On December 24, 1974, he took office as a United States Senator from Ohio, finally winning after a few failed attempts. During his term, he campaigned for more research in space and science-related activities.
In 1976, he also made his bid for the Democratic vice presidential nomination. He, however, did not impress many delegates at the Democratic National Convention, where he gave his keynote address.
In 1978, he became the chief author of the Nuclear Non-Proliferation Act. This was one of the major bills to be passed against nuclear weapons during his tenure in the Senate.
In 1980, he won re-election to the U.S. Senate, in what turned out to be a landslide victory. He defeated the Republican candidate, Jim Betts by a margin of over 40 percent of votes.
In April 1983, he stood in the race for the presidential candidacy and ran as a centrist, but later on in March the following year, he quit the race because of the poor showings in the early primary elections.
In 1986, he was re-elected to the Senate. He was also appointed as the Chairman of the Governmental Affairs Committee, a position he held until 1995. During his term in office, he made efforts to ensure safety precautions were taken at nuclear weapon facilities.
In 1991, he traveled to Kuwait, where he led the congressional delegation, after the Persian Gulf War. This resulted in the documentation of legislation that allowed benefits to war veterans.
On October 29, 1998, while he was still holding the office of the Senate, he boarded the ‘Discovery’ space shuttle and ventured for a nine-day mission, thus becoming the oldest man to fly in space. He was 77 years old.
The following year he retired from the office of the Senate consequently ending his 24 years of service in the office.

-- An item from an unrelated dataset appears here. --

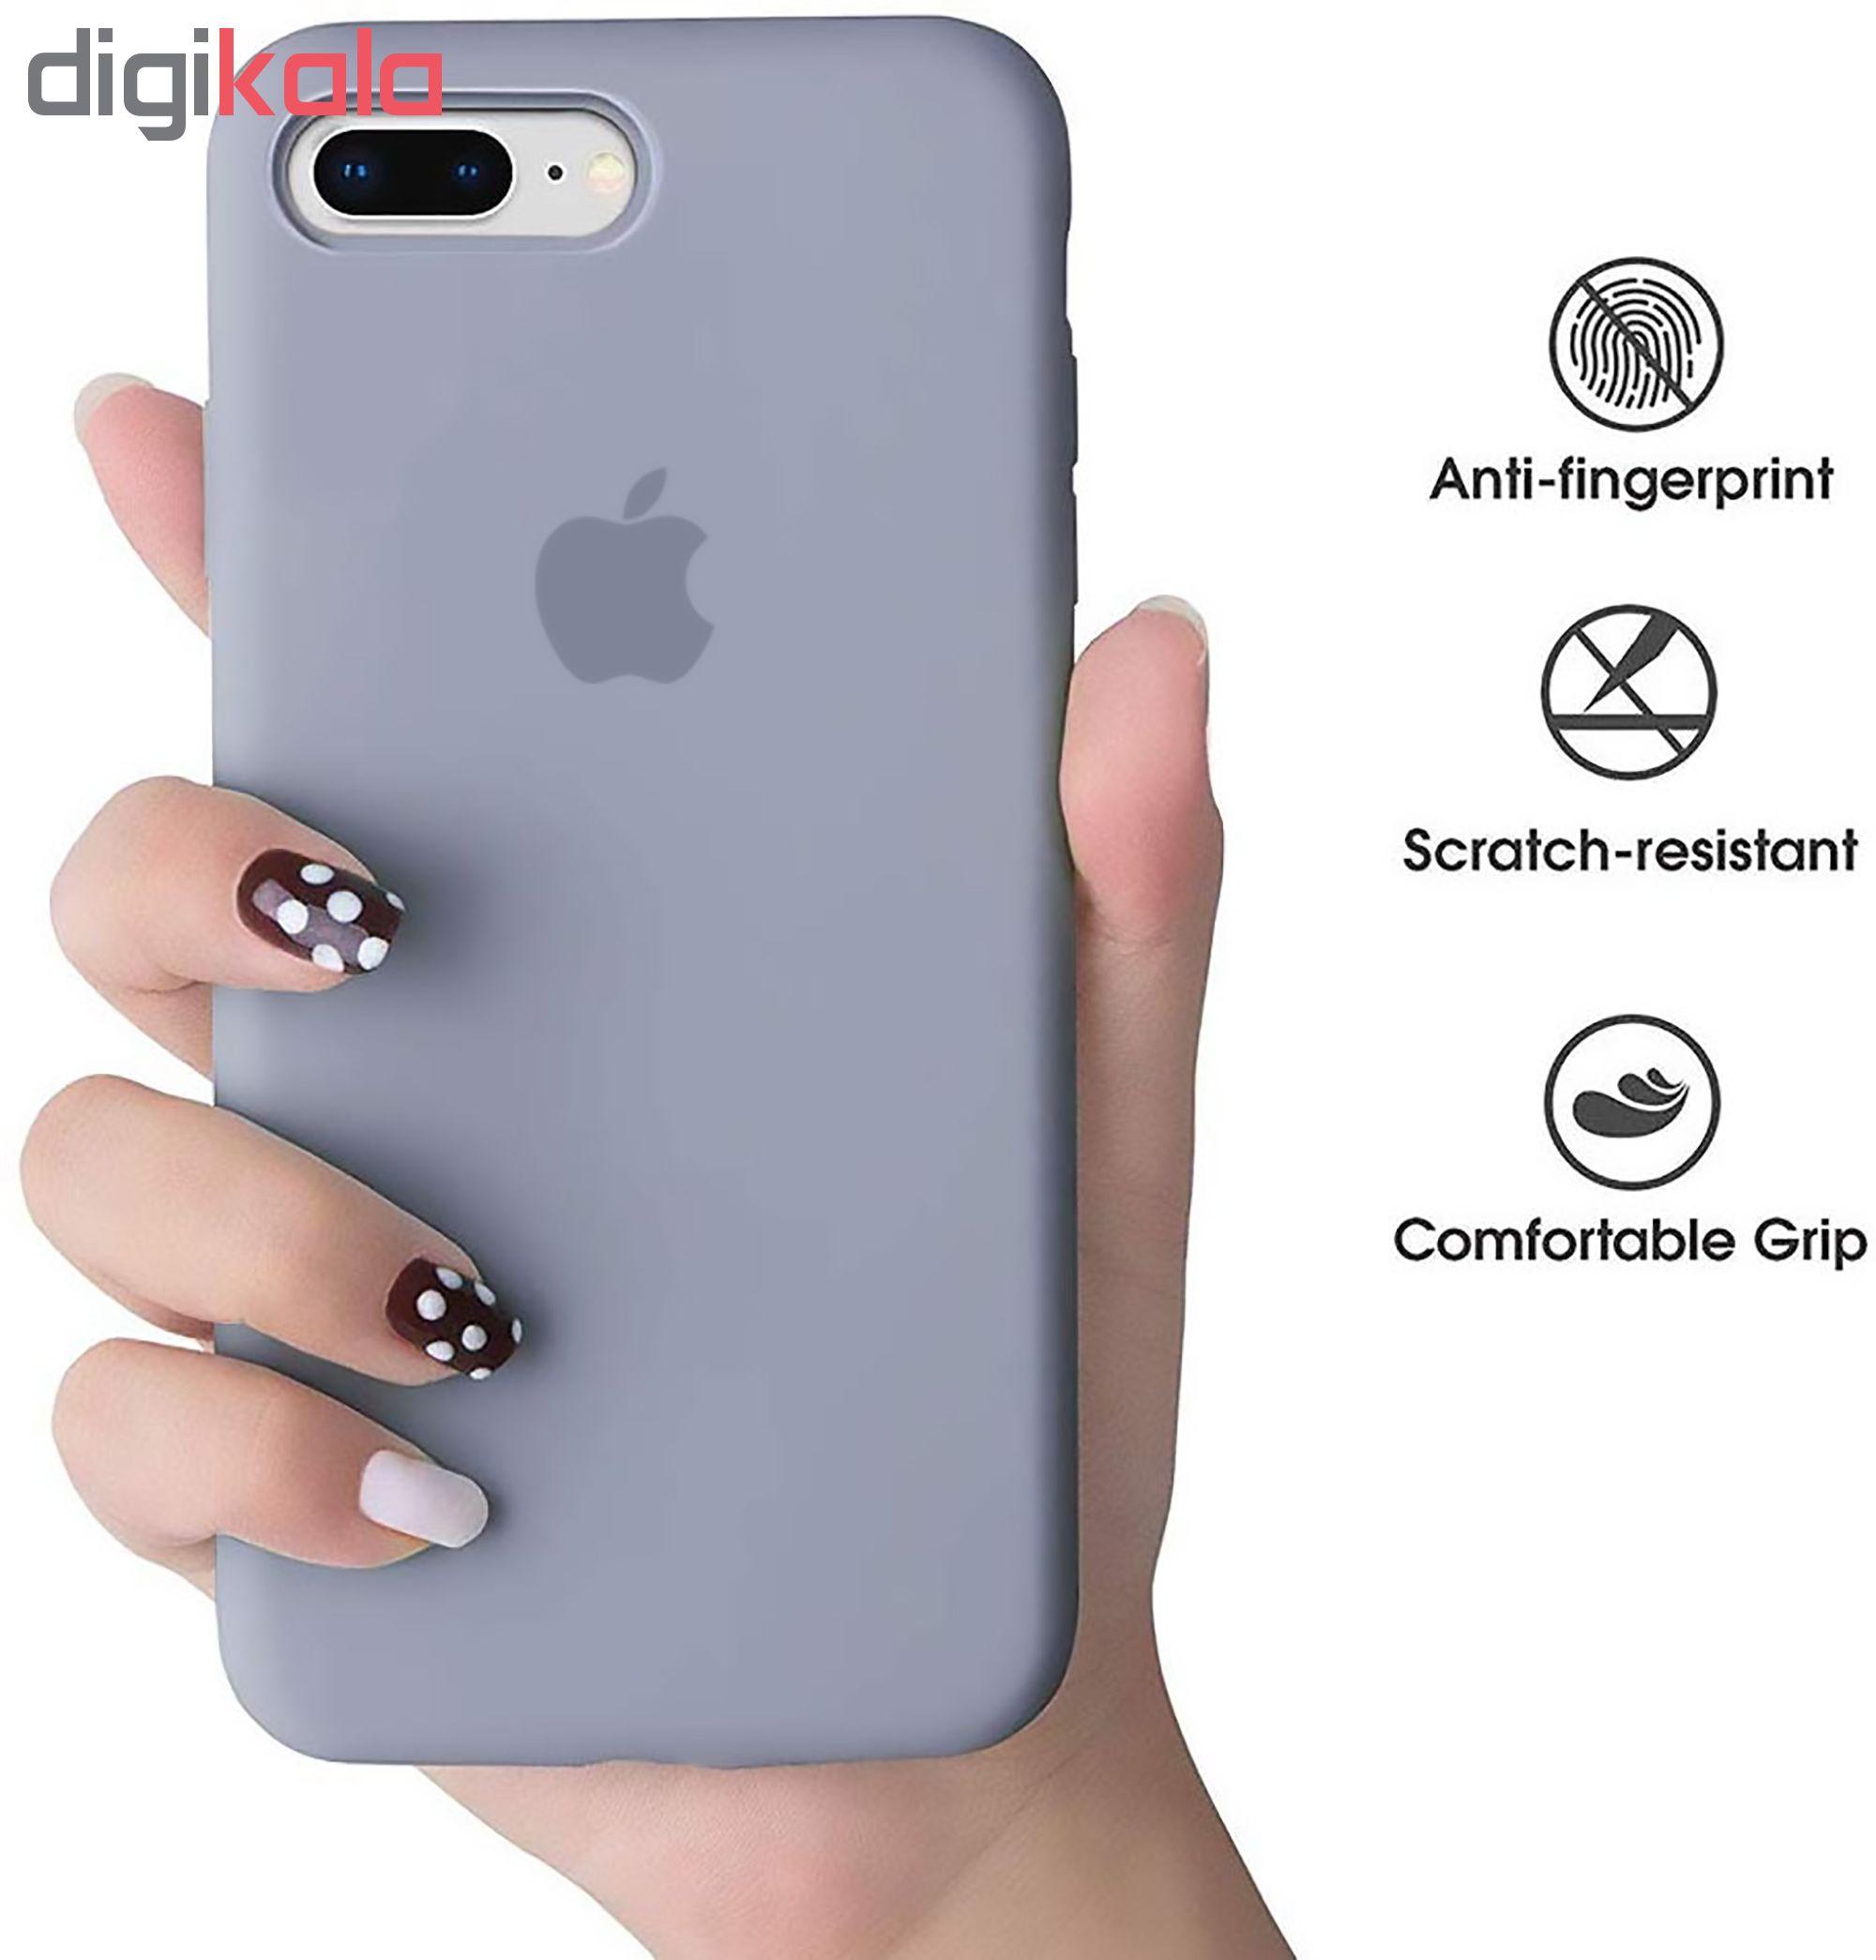 کاور مدل Silc مناسب برای گوشی موبایل اپل  Iphone 8 plus / iphone 7plus main 1 13

He completed the mission ‘Project Bullet’ on July 16, 1957, which involved him piloting the first supersonic transcontinental flight, from Los Angeles to New York, in a Vought F8U-1P Crusader, in a record, 3 hours, 23 minutes, and 8.3 seconds. The journey not only recorded the first average supersonic speed but also the first continuous transcontinental panoramic photograph of the United States.
Twice in his lifetime, he ventured out into space, first as one of the seven astronauts and the first American who orbited the Earth three times aboard ‘Friendship 7’ space shuttle on February 20, 1962, and later being one of the crew members for ‘Discovery’ which entailed on a nine-day mission. For the latter, he became the oldest man to fly in space.
He was the proud recipient of the ‘Distinguished Flying Cross', the ‘World War II Victory Medal' and the 'Congressional Space Medal of Honor'.
In 1961, the Muskingum University presented him with an honorary LL.D.
In 1962, he was awarded the NASA Service Medal by then-President John F. Kennedy.
In 1990, he was inducted into the Astronaut Hall of Fame.
In 2000, he was awarded the U.S. Senator John Heinz Award for ‘Greatest Public Service by an Elected or Appointed Official’.
In 2004, the Woodrow Wilson International Center for Scholars bestowed upon him the Woodrow Wilson Award for Public Service.
In 2012, President Barack Obama awarded him with the Presidential Medal of Freedom.
In 1943, he married his long-time girlfriend and childhood sweetheart, Anna Margaret Castor. They have two children.
He was believed to be a ‘Freemason’. He was also a member of the Masonic youth group, ‘DeMolay International'.
In 1962, a documentary film based on his life and achievements titled ‘The John Glenn Story', was directed by Michael R. Lawrence. The film earned an Academy Award nomination.
In 2006, he and his wife met with an automobile accident and were admitted to the hospital for two days. He fractured his sternum and suffered from a ‘sore chest’.
In order to honor his achievements, the NASA John H. Glenn Research Center at Lewis Field in Cleveland, Ohio, is named in his honor.
He breathed his last on December 8, 2016. The cause of his death was never disclosed.
This pilot cum astronaut cum U. S. senator is the first American to orbit the Earth. Additionally, he is the third and the oldest American to fly in space.